Разговор четырнадцатый

Читатель: Здравствуйте, Константин Дмитриевич! Мы уже о многом успели поговорить с Вами. Вы рассказали мне о своем детстве, о путешествиях, провели отличный ликбез на тему поэзии и переводов.… Но Вы к тому же еще и очевидец тех событий, которые потрясали Россию в 1917 году. Для меня особенно ценны Ваши впечатления как современника той непростой эпохи. Какие были у Вас тогда мысли о России, ее предназначении, пути? Вы когда-то написали интереснейшую статью «Воля России»!

Константин Бальмонт за письменным столом

Поэт: Воля России была — рассеяться, разметаться на воле. От моря до моря, от одного океана до другого, от горной цепи до горной цепи, от естественно мыслимого Севера, с его полуночным солнцем, ледовитыми водными пространствами и промерзлыми тундрами, до естественно мыслимого Юга, с его нежно-голубою красотою Крыма и тропическим богатством Кавказа и Закавказья, от Закатного солнца, заходящего на ночь в Янтарное море, до Восходящего солнца моря Жемчужного.

Читатель: Действительно, географический размах нашей страны поражает…

Поэт: Воля России, не мыслящая себя вне простора неограниченного, имела в своем своеволии одну прихоть, весьма ее определившую: Воля России любит географию и не любит историю. Эти два понятия в ней — не в соучастии согласном, как в любой стране Европы или даже в просторной Америке, а в явном, друг другу мешающем противоборстве. Их противоречие сказывается в самом их лике. География России — одна из богатейших на всей Земле, история России — одна из самых бедных.

Читатель: Позвольте усомниться в последнем утверждении… Может быть я не так Вас понял?

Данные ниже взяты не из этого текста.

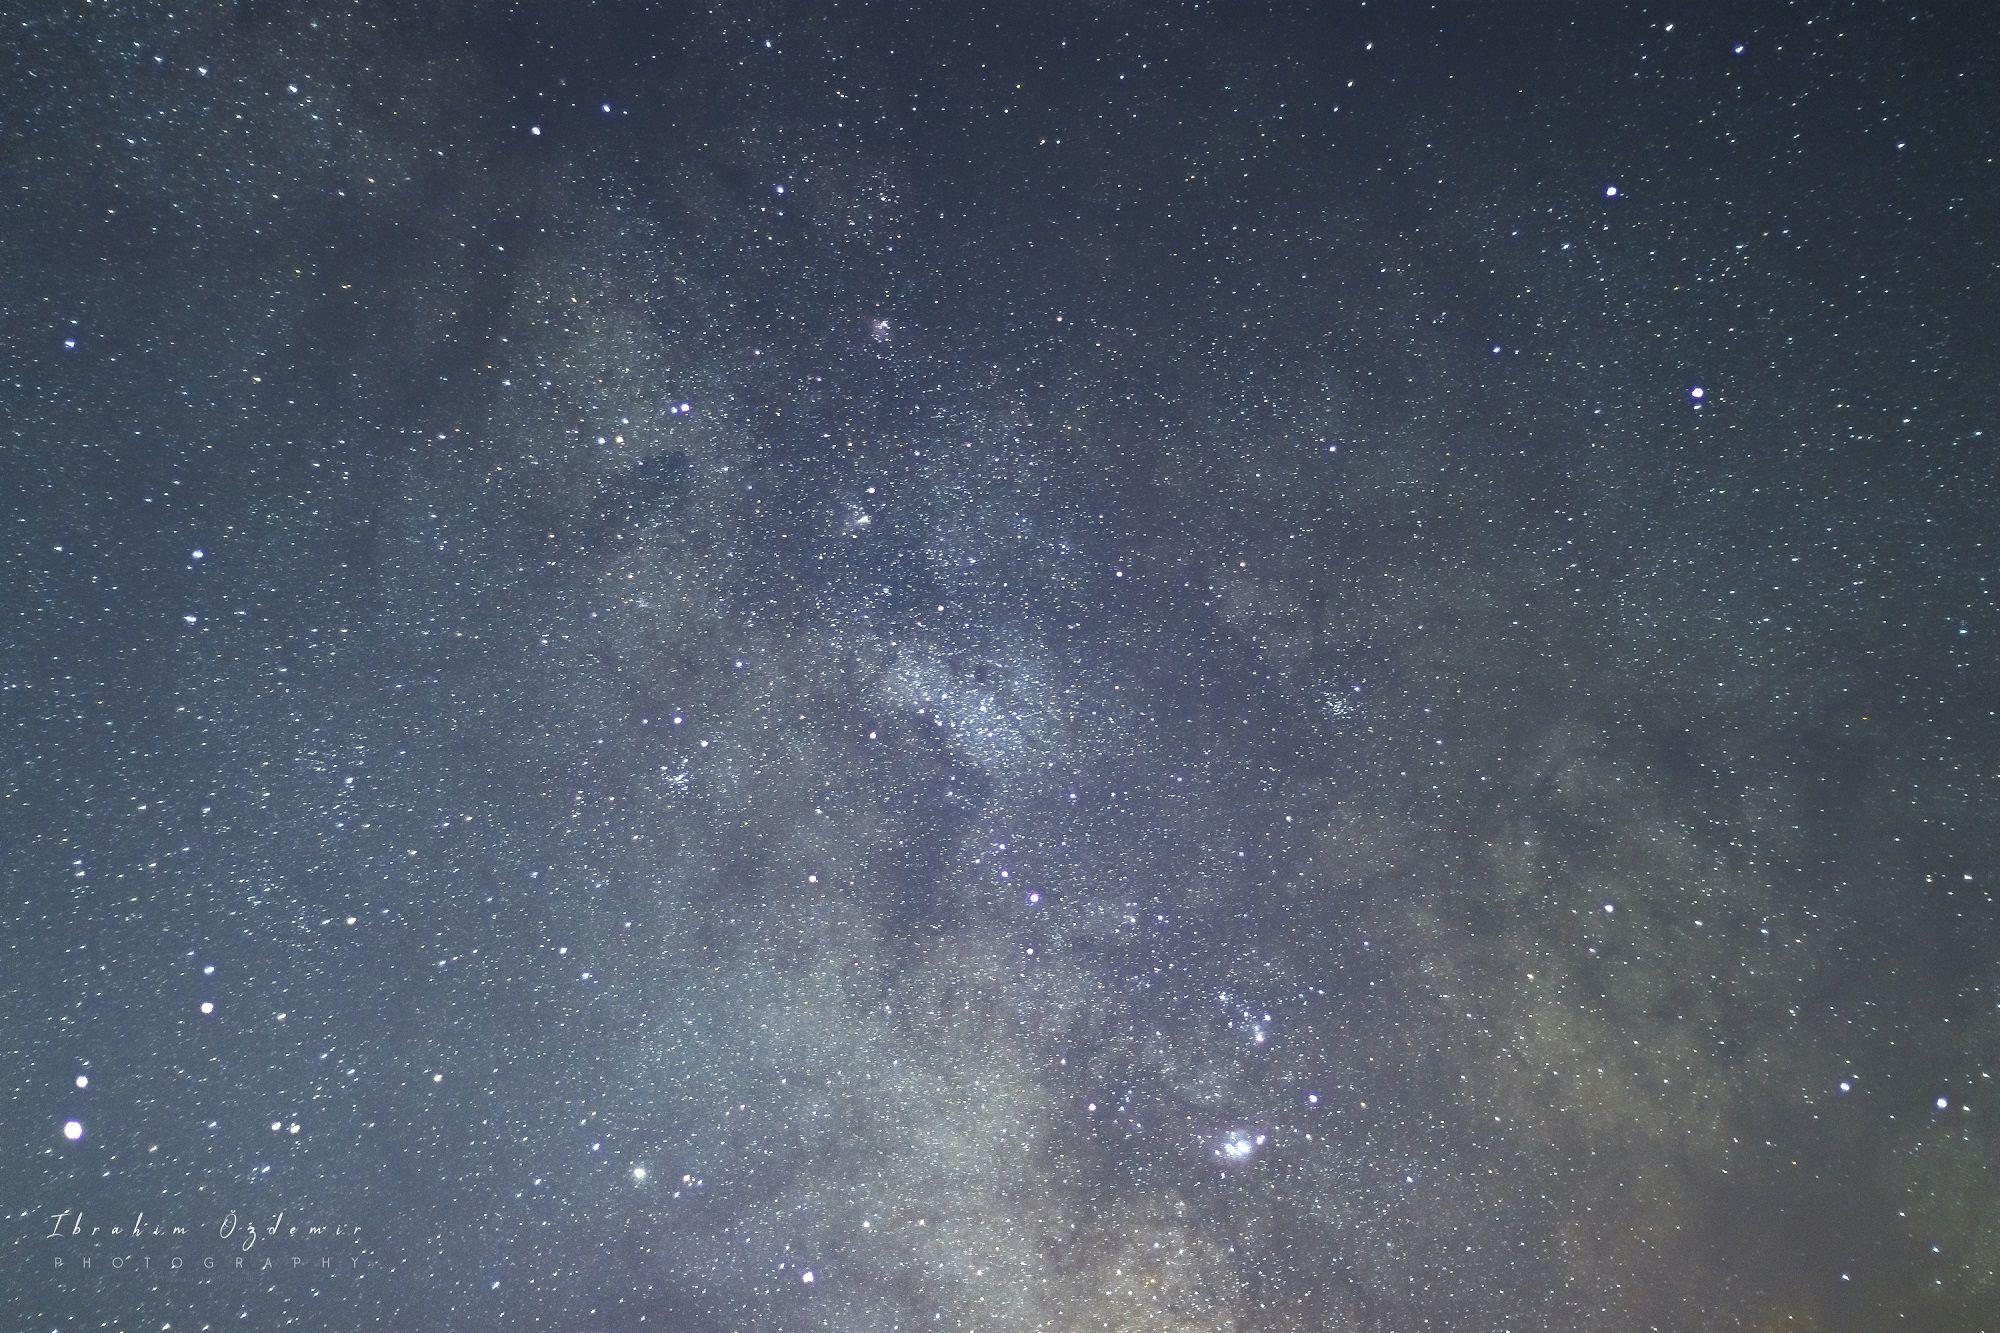 galaxy-stacked-full-jpg.550015

Поэт: Строго говоря, если рассматривать историю России в точном смысле этого понятия, надо сказать, что мы богаты только злополучиями. Славянская рознь, варяжская загадка, минутный расцвет XII века, сменяющийся веками монгольского ига, Иван Грозный, бесовское действо Смутного времени, кровавая вольница Волжская и Запорожская, кровавая охота за сибирскими соболями, кровавый Петр, этот светлоликий и молнийный демон, вызвавший из болот могучий город и ударом кулака разбудивший дремотную Москву, эта сказочная Москва, загоревшаяся в двенадцатом году от копеечной свечки и ставшая купиной неопалимой, гореньем недогорающим, 1917 год, распахнувший всю бездну нашего неуменья делать историю, созидать ее творчески, и дикую нашу способность разметаться, рассеяться, дробить и сокрушать, быть нищим богачом, расточать не оглядываясь.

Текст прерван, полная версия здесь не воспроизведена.